## Exercise goal
Retype exactly the lines of the listing below from the one with "The complete guide to equity and taxes" through the last, both included, and leave every picture out.

## Supplied material
Start of Block

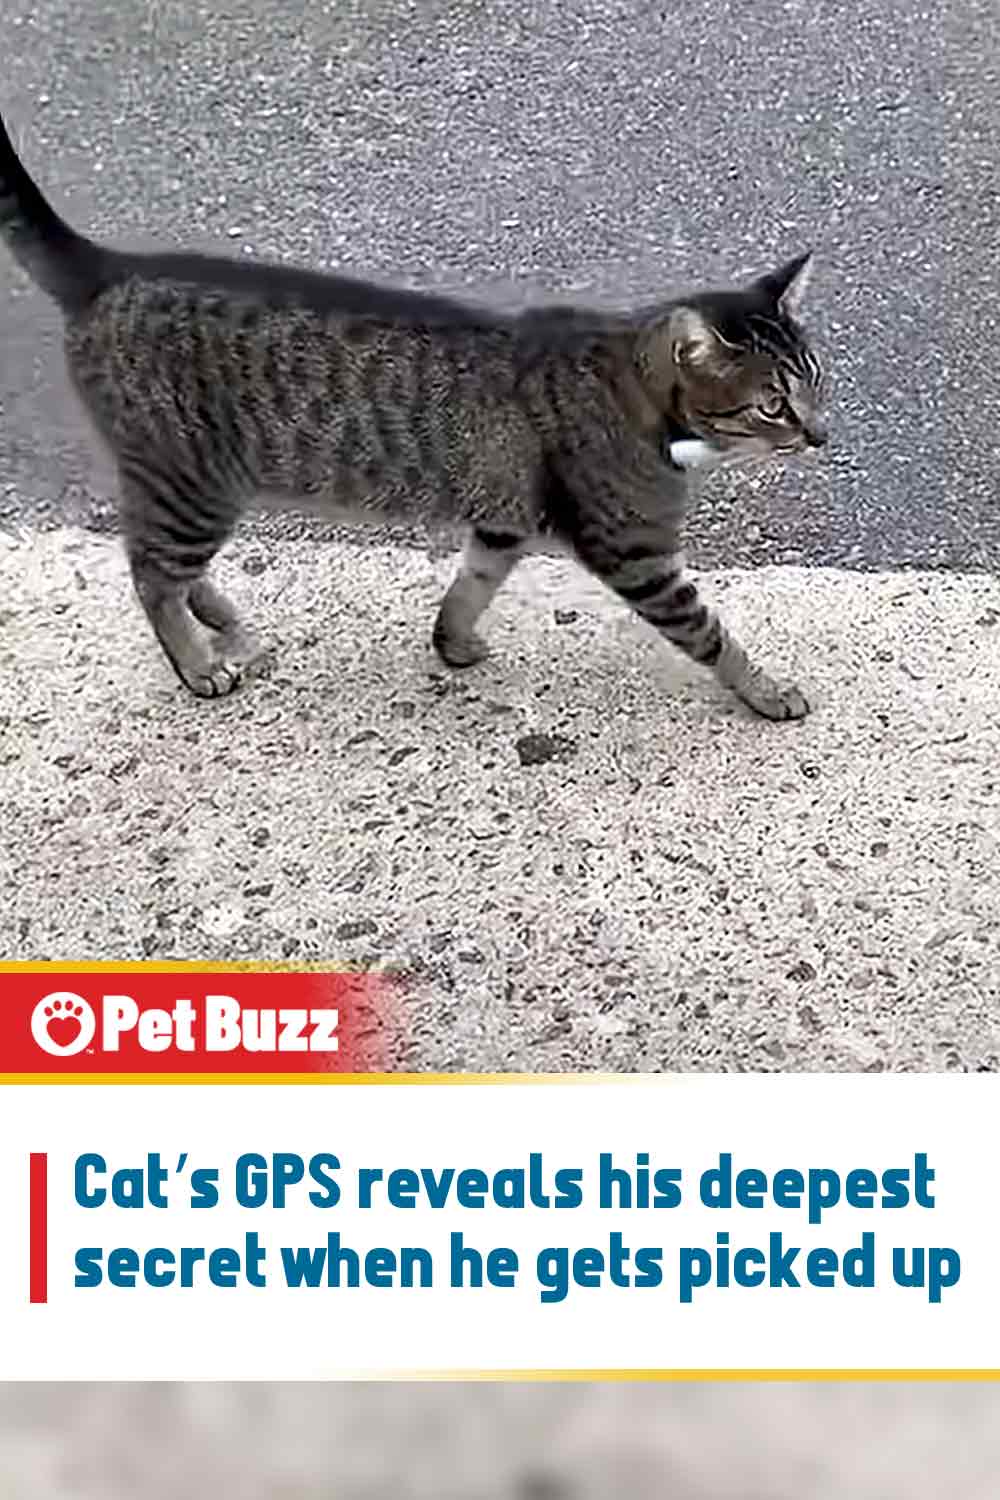 Cat’s GPS reveals his deepest secret when he gets picked up
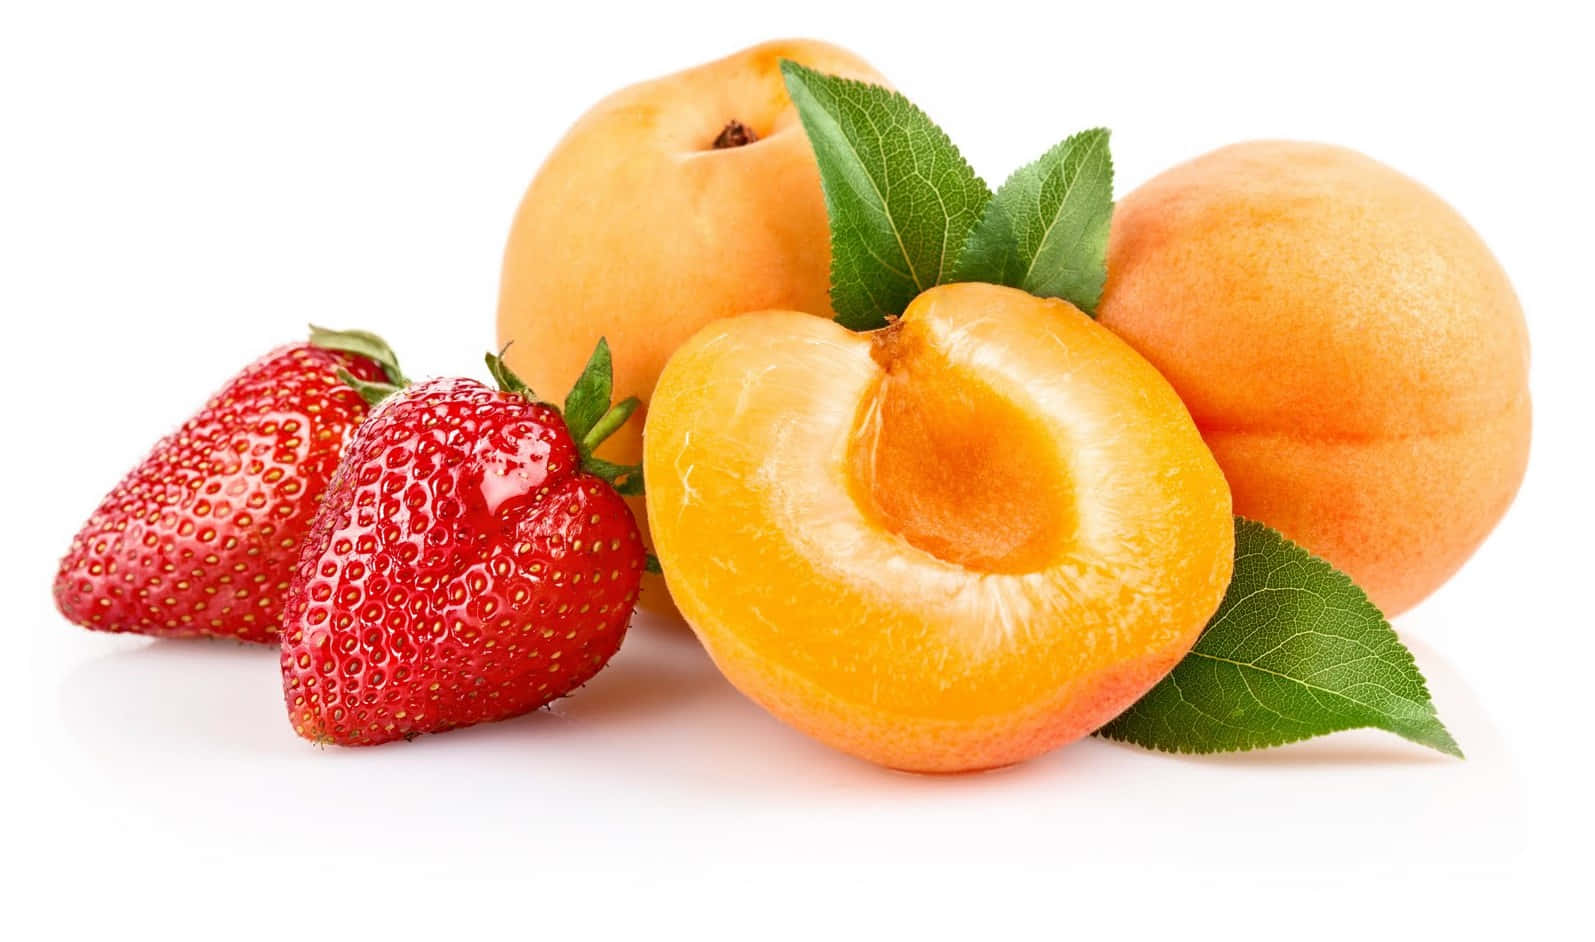 A playful arrangement of delectably fresh peaches and strawberries. Wallpaper
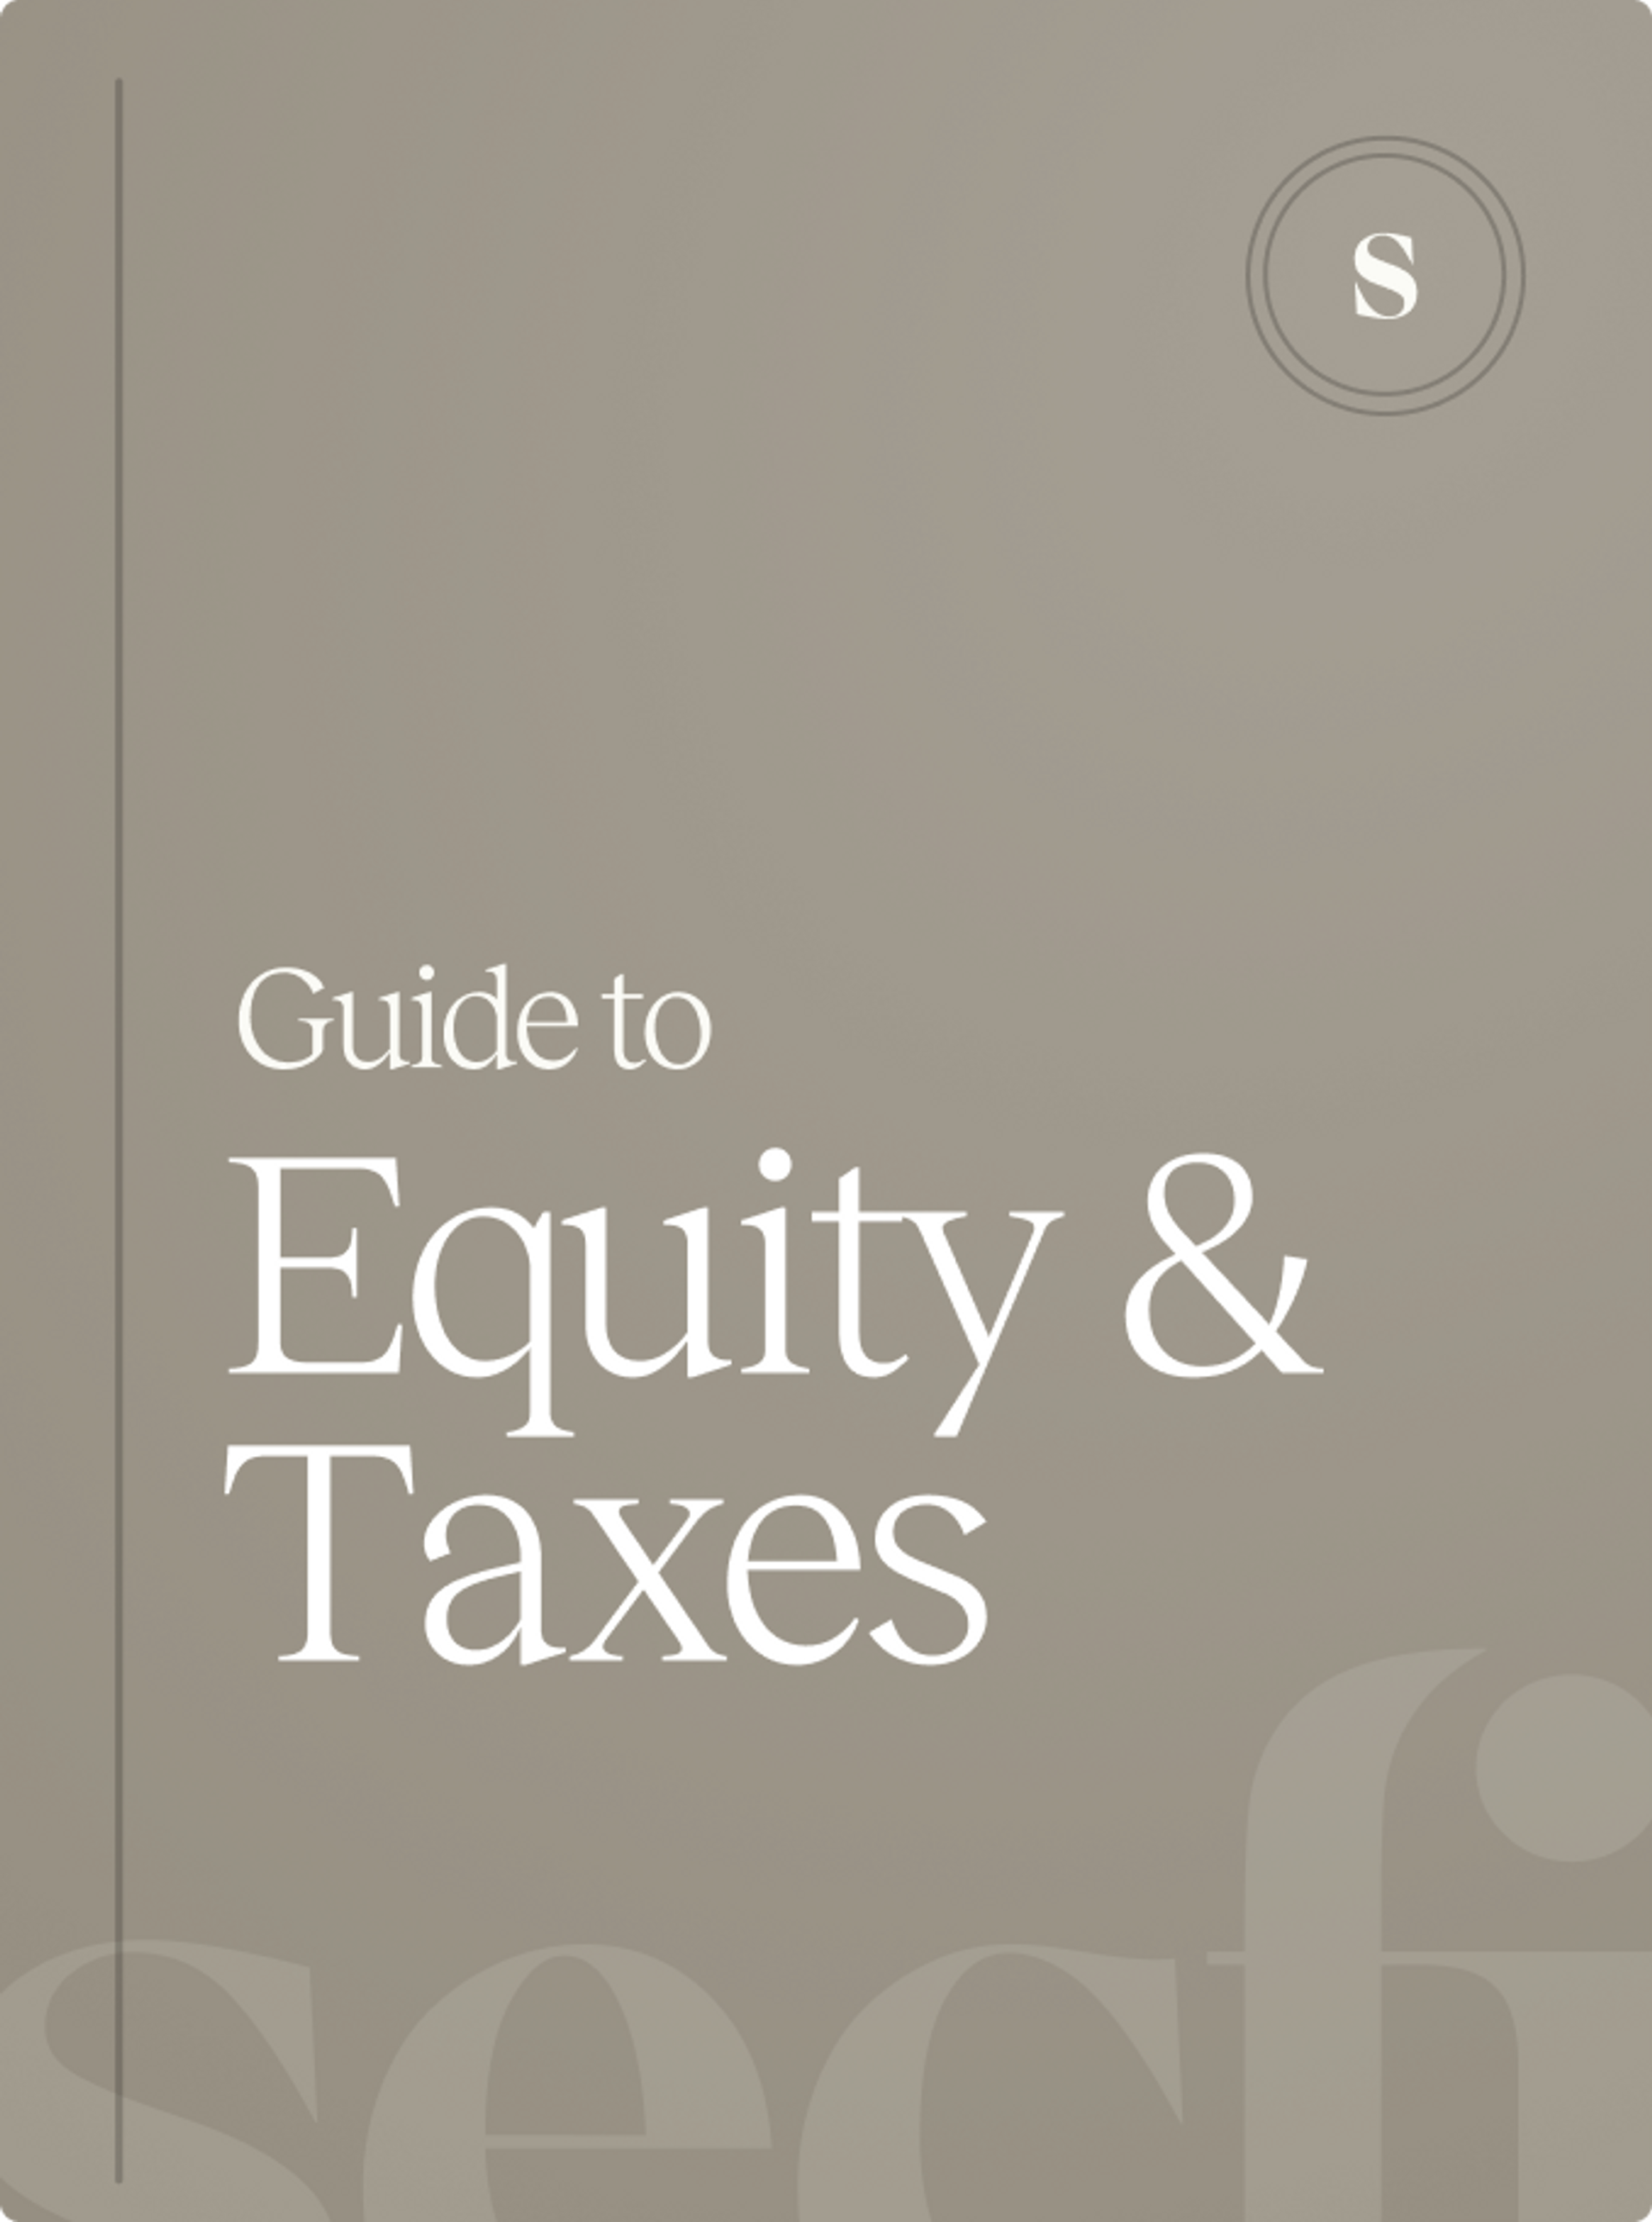 The complete guide to equity and taxes
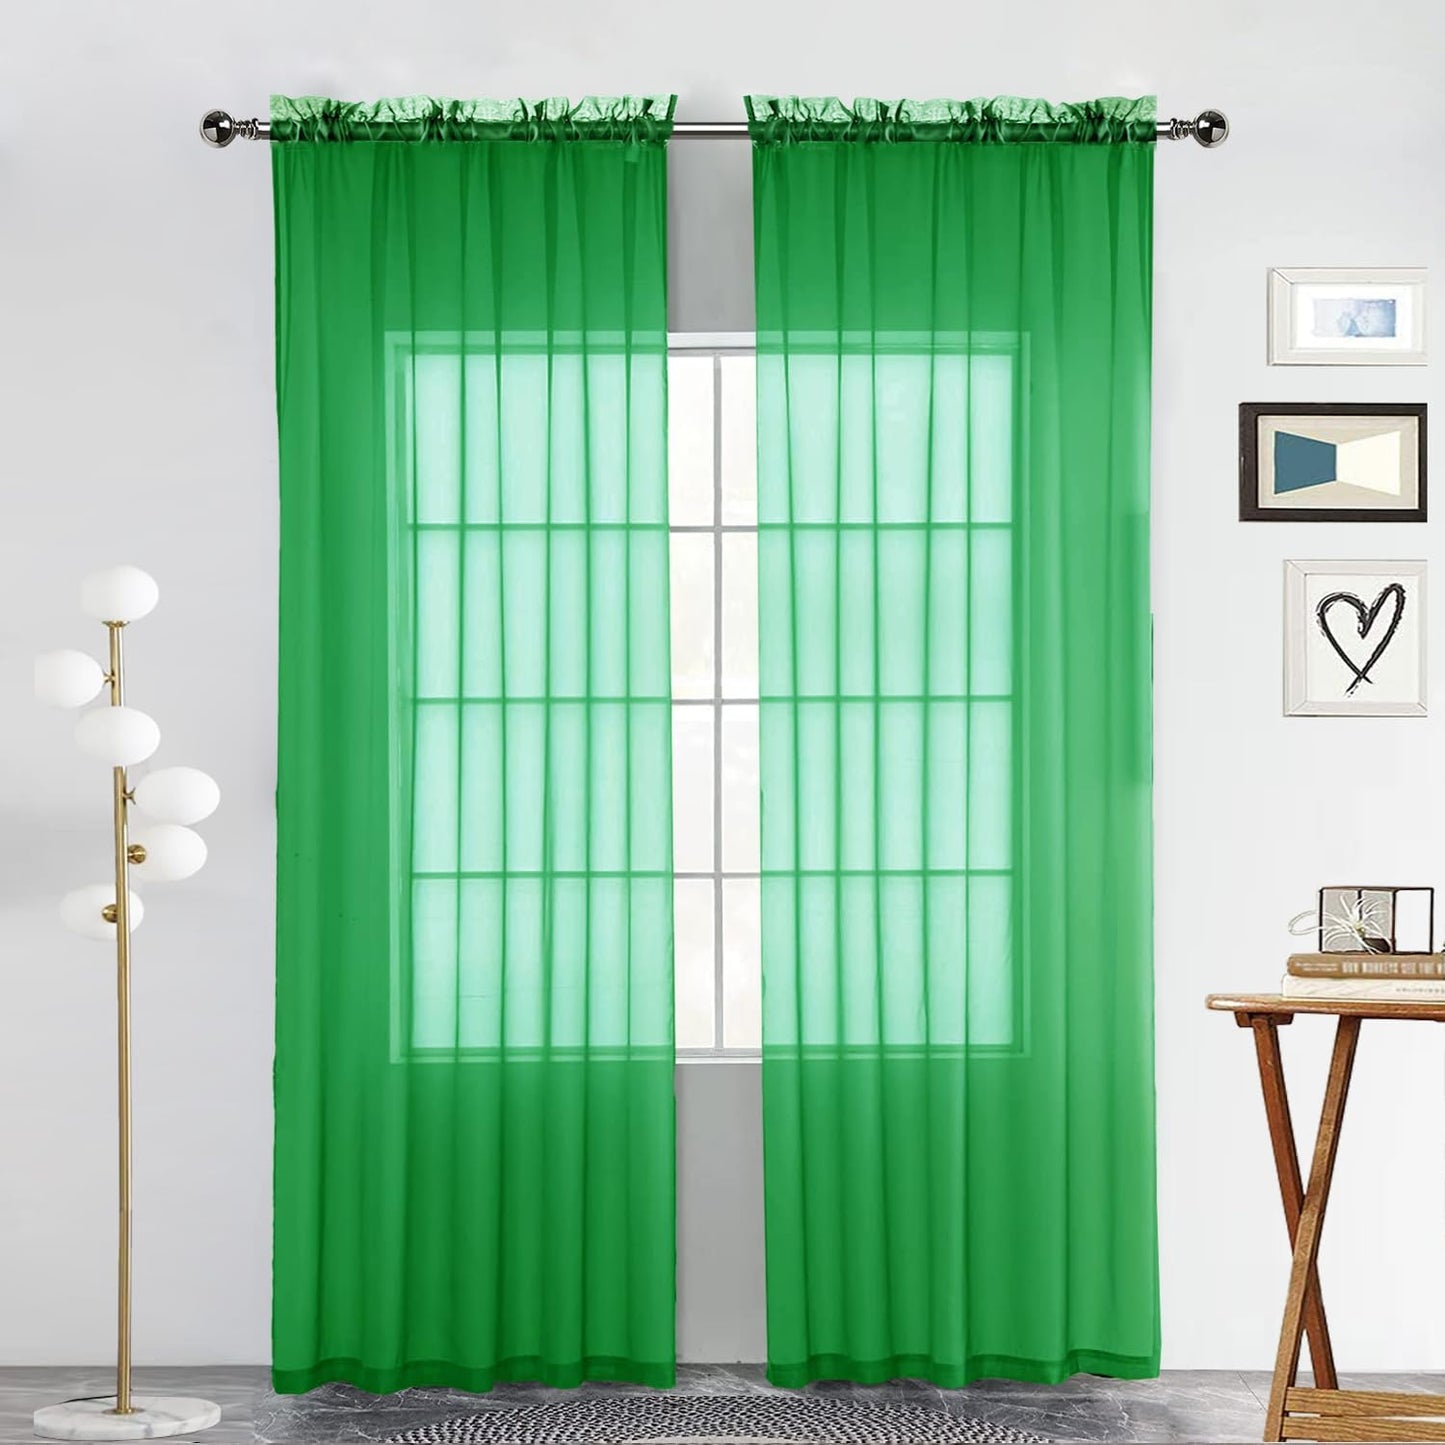 Spacedresser Basic Rod Pocket Sheer Voile Window Curtain Panels White 1 Pair 2 Panels 52 Width 84 Inch Long for Kitchen Bedroom Children Living Room Yard(White,52 W X 84 L)  Lucky Home Green 52 W X 63 L

End of Block

## Response area
 The complete guide to equity and taxes
 Spacedresser Basic Rod Pocket Sheer Voile Window Curtain Panels White 1 Pair 2 Panels 52 Width 84 Inch Long for Kitchen Bedroom Children Living Room Yard(White,52 W X 84 L)  Lucky Home Green 52 W X 63 L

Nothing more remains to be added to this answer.